Die rappelt sich plötzlich putzmunter auf und stellt sich vor: "Klaus Fuhrmann, EDV-Servicetechniker aus Hamburg." Der 52jährige unterstützt den Verein, indem er Trails legt. "Wir trainieren zweimal in der Woche", sagt er. "Nicht immer findet mich der Hund nach fünf Minuten, so wie jetzt. Oft tüftele ich anhand des Stadtplanes komplizierte Strecken aus, die 30 Minuten Sucheinsatz und mehr erfordern." Fina ist das egal. Sie wartet auf ihre Belohnung: gekochtes Hähnchenfleisch, das Kleyer in einer Tupperdose bereithält. "Jeder Mantrailerhund hat seine eigene Lieblingsspeise", sagt sie.
"Meine will Schlund. Wenn ich das zu Hause schneide, weiß sie, es geht los", sagt Thomas Schwerdtfeger (56) aus Schiphorst.
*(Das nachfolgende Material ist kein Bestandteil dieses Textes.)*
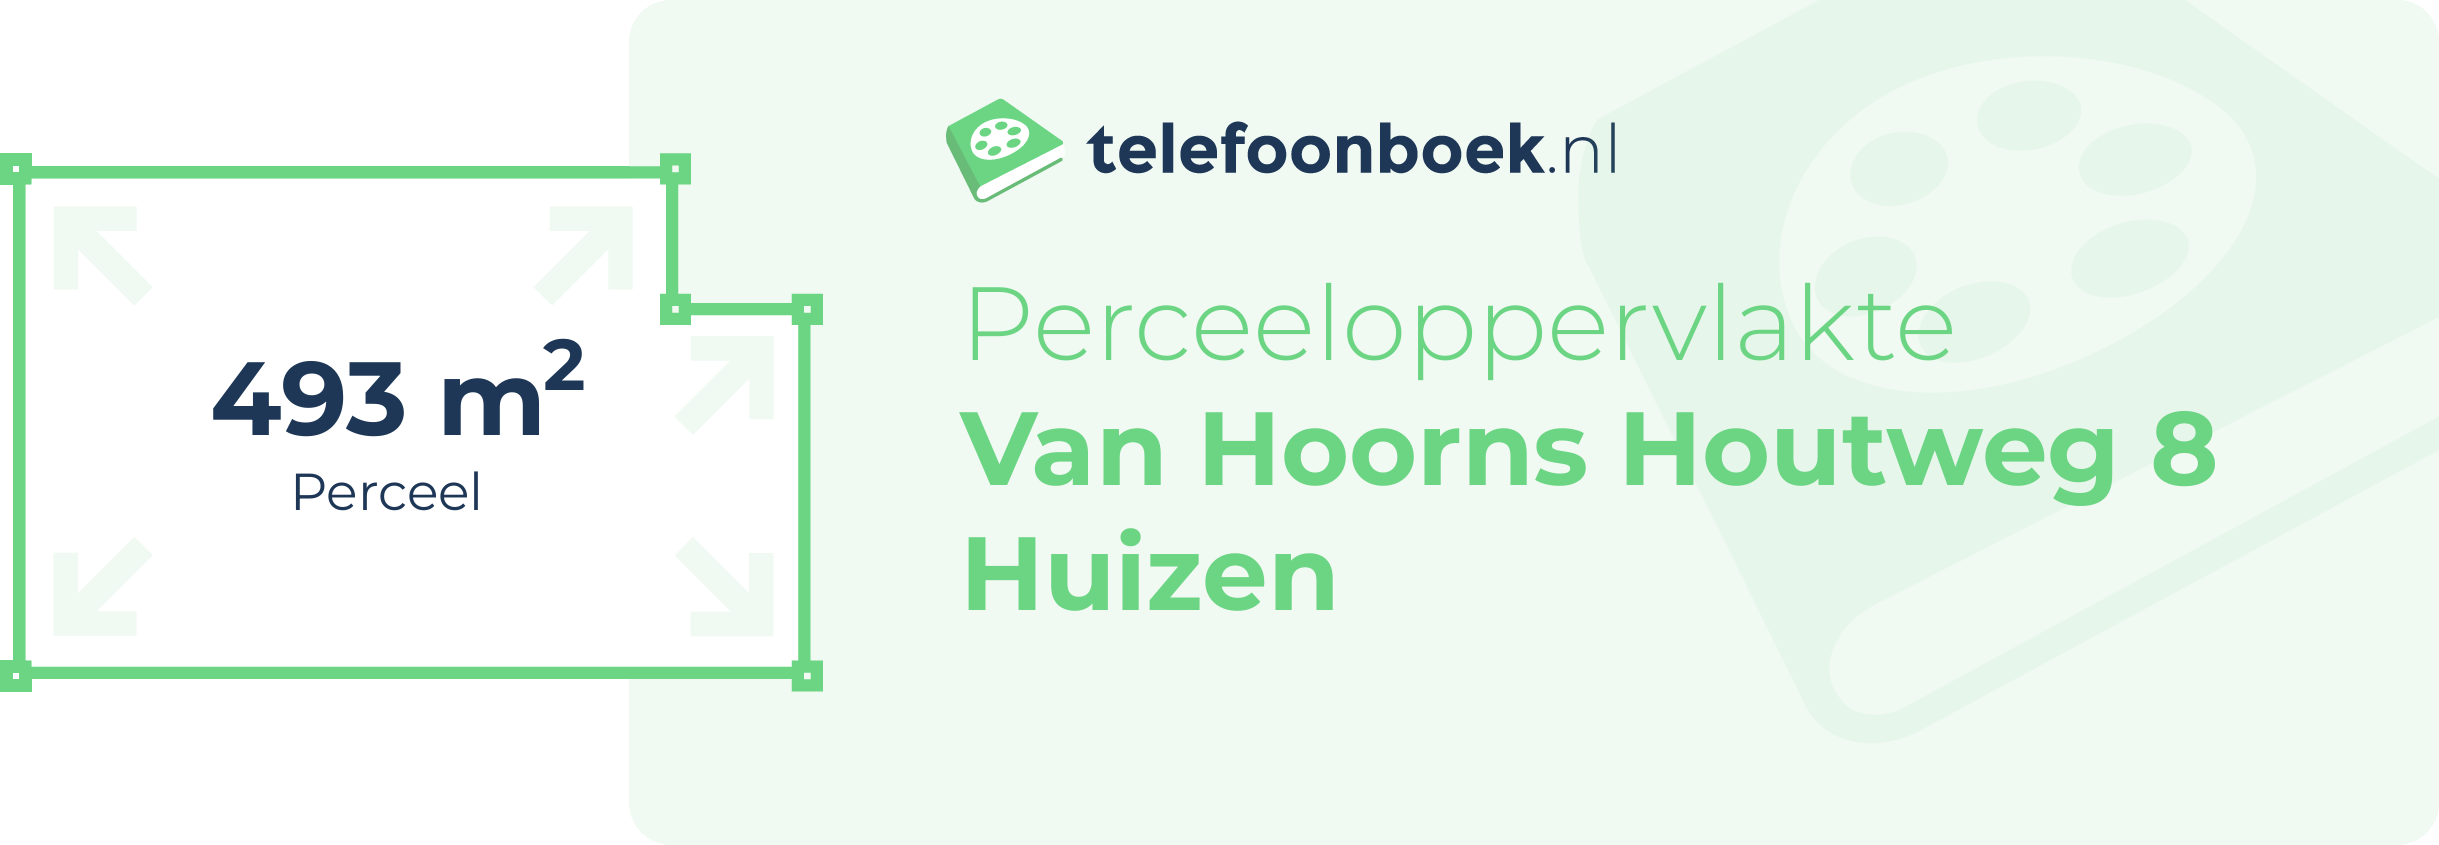 Perceeloppervlakte Van Hoorns Houtweg 8 Huizen

Schlund gibt es aber erst, nachdem seine Schäferhündin Anny (5) eine hilflose Person an den Bahngleisen aufgespürt hat - nach vorherigem Riechen am Handy der Vermißten. "Das macht mir solchen Spaß", strahlt der Fernmeldehandwerker.
Jeder Hund kann Mantrailer werden. "Aber es dauert zwei bis drei Jahre, bis er die Kunst beherrscht, die Geruchsmuster des Menschen auch auf Asphalt oder Beton zu verfolgen", sagt Cornelia Kleyer. "Wir üben auch mit Autos. Wenn beide Seitenfenster auf sind, kann Fina zum Beispiel anzeigen, in welche Richtung der Vermißte in einem Pkw mitfuhr."
Wie Thomas Schwerdtfeger hat auch Cornelia Kleyer für ihre Hündin eine besondere Herausforderung und Alternative zur üblichen Rettungshundearbeit gesucht. Die Kobergerin war von 1996 bis 2004 mit Fina und Collie Lucy Mitglied im Rettungshundezug Stormarn-Segeberg des Arbeiter-Samariter-Bundes (ASB).
Die ASB-Arbeit konnte Kleyer nicht mehr mitmachen, weil Fina an Hüftgelenksdysplasie leidet und die dort verlangte Suche auf Trümmergrundstücken für ihre Knochen zu belastend ist. "Ich suchte im Internet nach einer Alternative und fand das Mantrailing. Es kommt aus den USA."
Die Kobergerin nahm an Seminaren in Ansbach und Bielefeld teil und lernte über das Netz die Hamburger Betriebswirtin Sabine Neubauer (38) kennen. Sie ist mit Chako, ihrem Labrador-Münsterländer, auch im ASB-Rettungshundezug Hamburg aktiv. Cornelia Kleyer: "Noch werden wir Mantrailer nicht zu Rettungseinsätzen gerufen, denn wir haben mit Chako und Fina erst zwei Hunde, die das Aufspüren nach Geruch beherrschen."
Das reicht aber bereits für Staunen in und um Ahrensburg. Kleyer: "Manche Leute gucken, wenn wir nachts in der Schloßstadt stehen und als Versteckperson an einer dunklen Ecke warten. Kragen hoch, leise ins Walkie-Talkie sprechend."